His sense of superiority and excessive vanity might even rival Percival’s.
“Not better than—I understand that now—but not the same either.” Caelis’s expression pleaded with her for understanding.
But once again, his words were more confusion than explanation.
“Will you ever start making sense?” she demanded with asperity. “No matter what your exalted laird would have you believe, you are not some superior being.”
“I am Chrechte,” Caelis blurted out with exasperation, jumping to his feet and turning away as if frustrated with her obdurate behavior.
Really? If he persisted in trying to unite them as a family, he would soon learn that she was capable of far more obstinacy than this.
And the whole Chrechte mystique? Not so mysterious after all. Everyone in the clan knew about the band of warriors that considered themselves elite among the soldiers.
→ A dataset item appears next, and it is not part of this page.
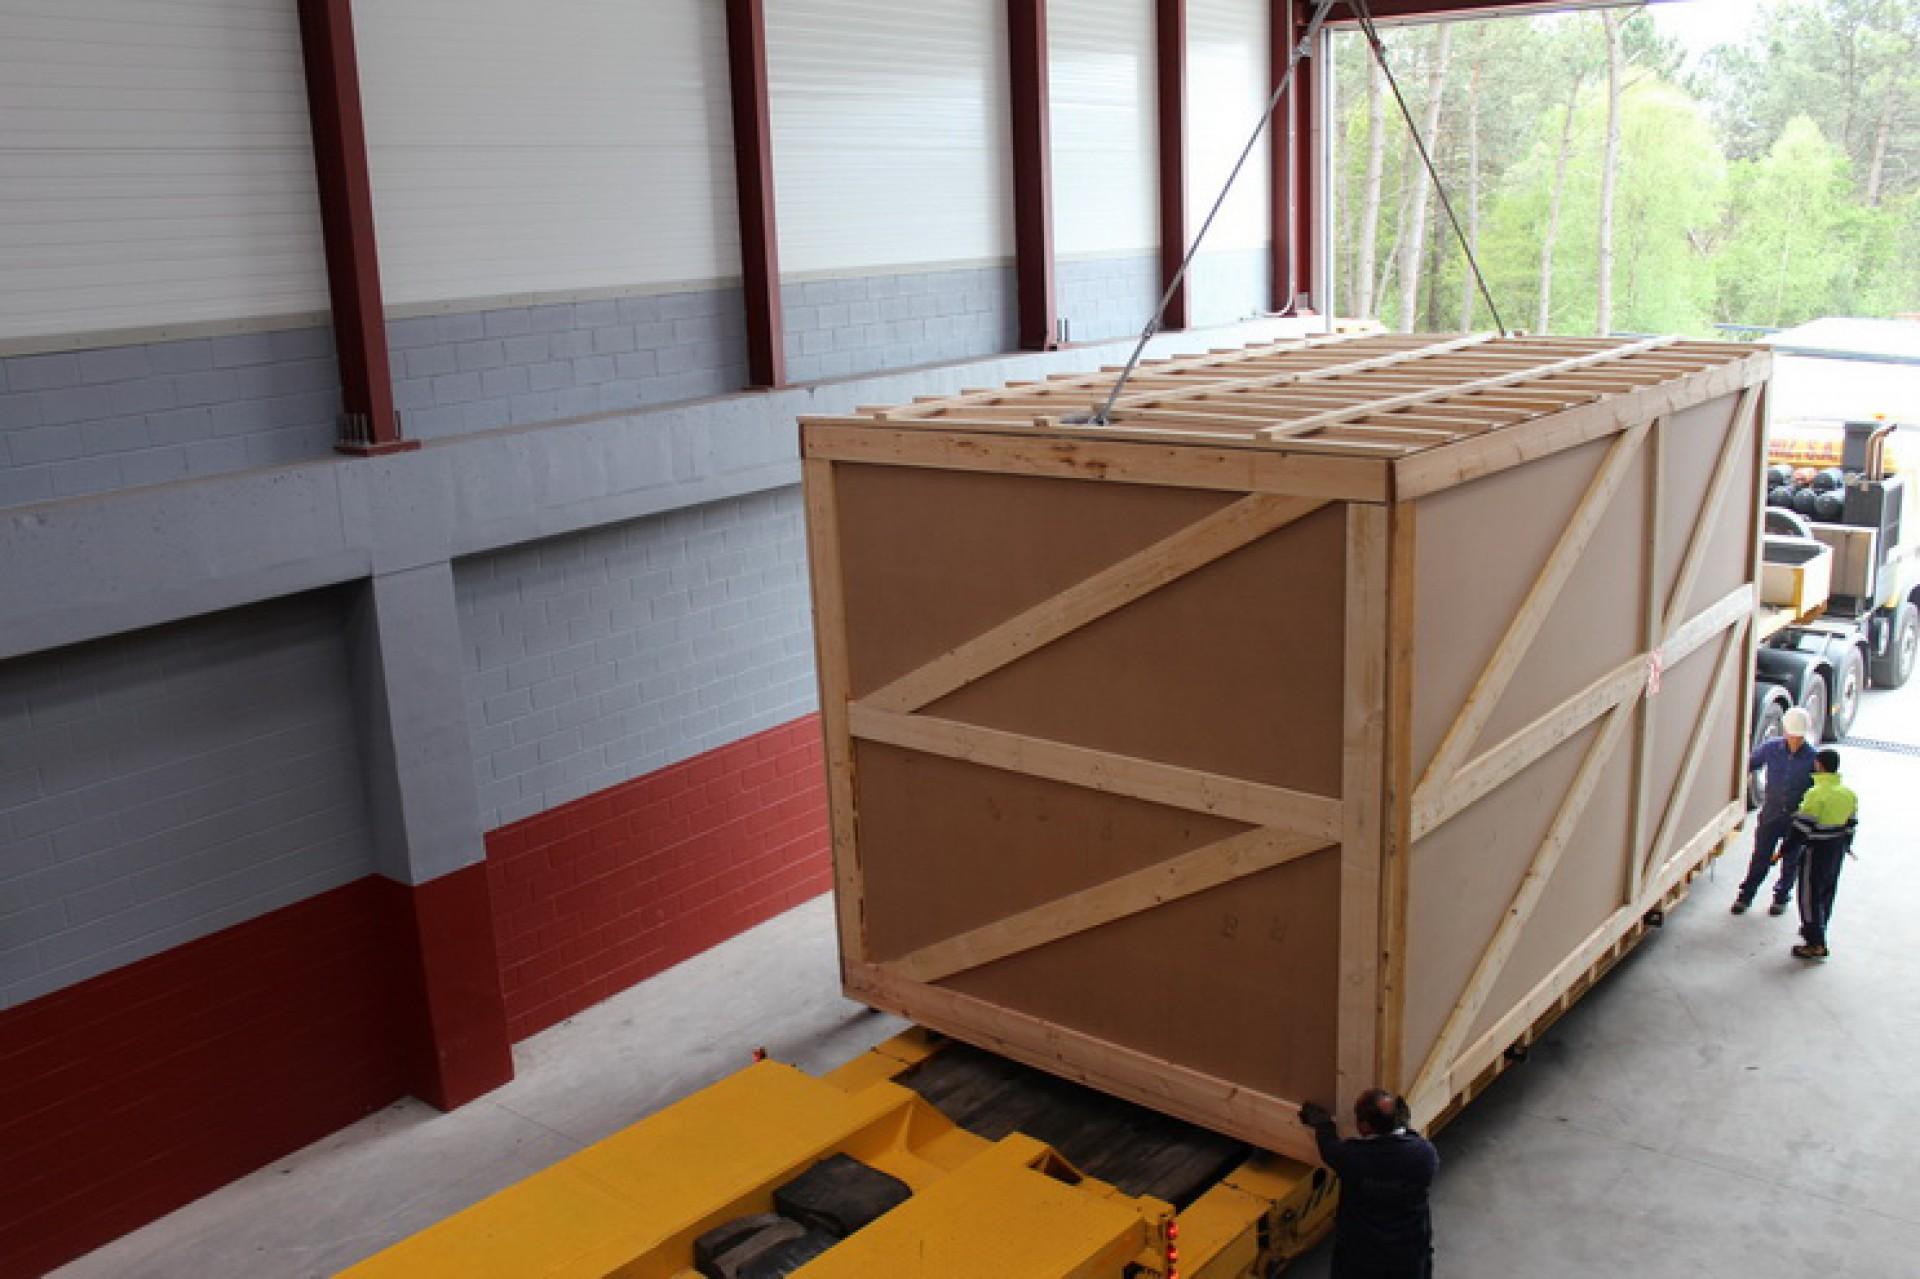 Loading bay – Oversize MWL Expansion Joints – Erbil, Irak

She rolled her eyes. “So I heard on more than one occasion six years ago from you and others. You considered your skills as a warrior something to set you apart.”
He spun back to face her, his expression growing increasingly astonished as she continued speaking.
“My skills as a warrior are above those of other men, Chrechte as well,” he declared with affront.
“And I am an English lady with claim to title and little else. Do you know how it has set me apart?” she asked scathingly. “Not one wee bit. I am still a mother, a friend, a woman with less say in my life than the steward who ran my dead husband’s estates.”
“You ignore everything you do not wish to hear,” he accused, his frustration obviously mounting.
She glared at him, her own ire rising to match his. “If you want me to hear you, may I suggest you try talking sense rather than the ravings of arrogant idiocy.”
“I am no idiot!”
“Well, you’re certainly not a lord of logic, either.”
“I am a shape-changer,” he practically yelled. “Chrechte means I share my nature with an animal. Mine is a wolf.”
Her heart nearly stopped in her chest. She’d called him daft, but she hadn’t meant it. Had not truly believed he had lost his ability to think and behave rationally.
His talk now made her cold with dread.
“Stop this nonsense. Please, Caelis, do not show yourself truly insane,” she pleaded with him.
He simply shook his head and then removed his plaid with an economy of movement. He made no move to come closer to her, but she jumped off the chest anyway, sidling toward the door and escape.
“No. Caelis. I will not take you to my bed.”
“Aye. You will, but not right now.”
She shook her head, her heart beating so fast in her chest that it hurt.
He lifted his head, sniffing at the air and then looked with concern at her. “You have nothing to fear, Shona. Not ever from me.”
“You have hurt me more than any other,” she baldly disagreed.
That was one lie she simply could not let stand.
“Let me show you why.”
What did he expect her to do? Give him permission? She just wanted out of the room, but before she could make her move for the unbarred door, a flash of light shown around Caelis.
Then, where he had stood was now a large dark-haired wolf.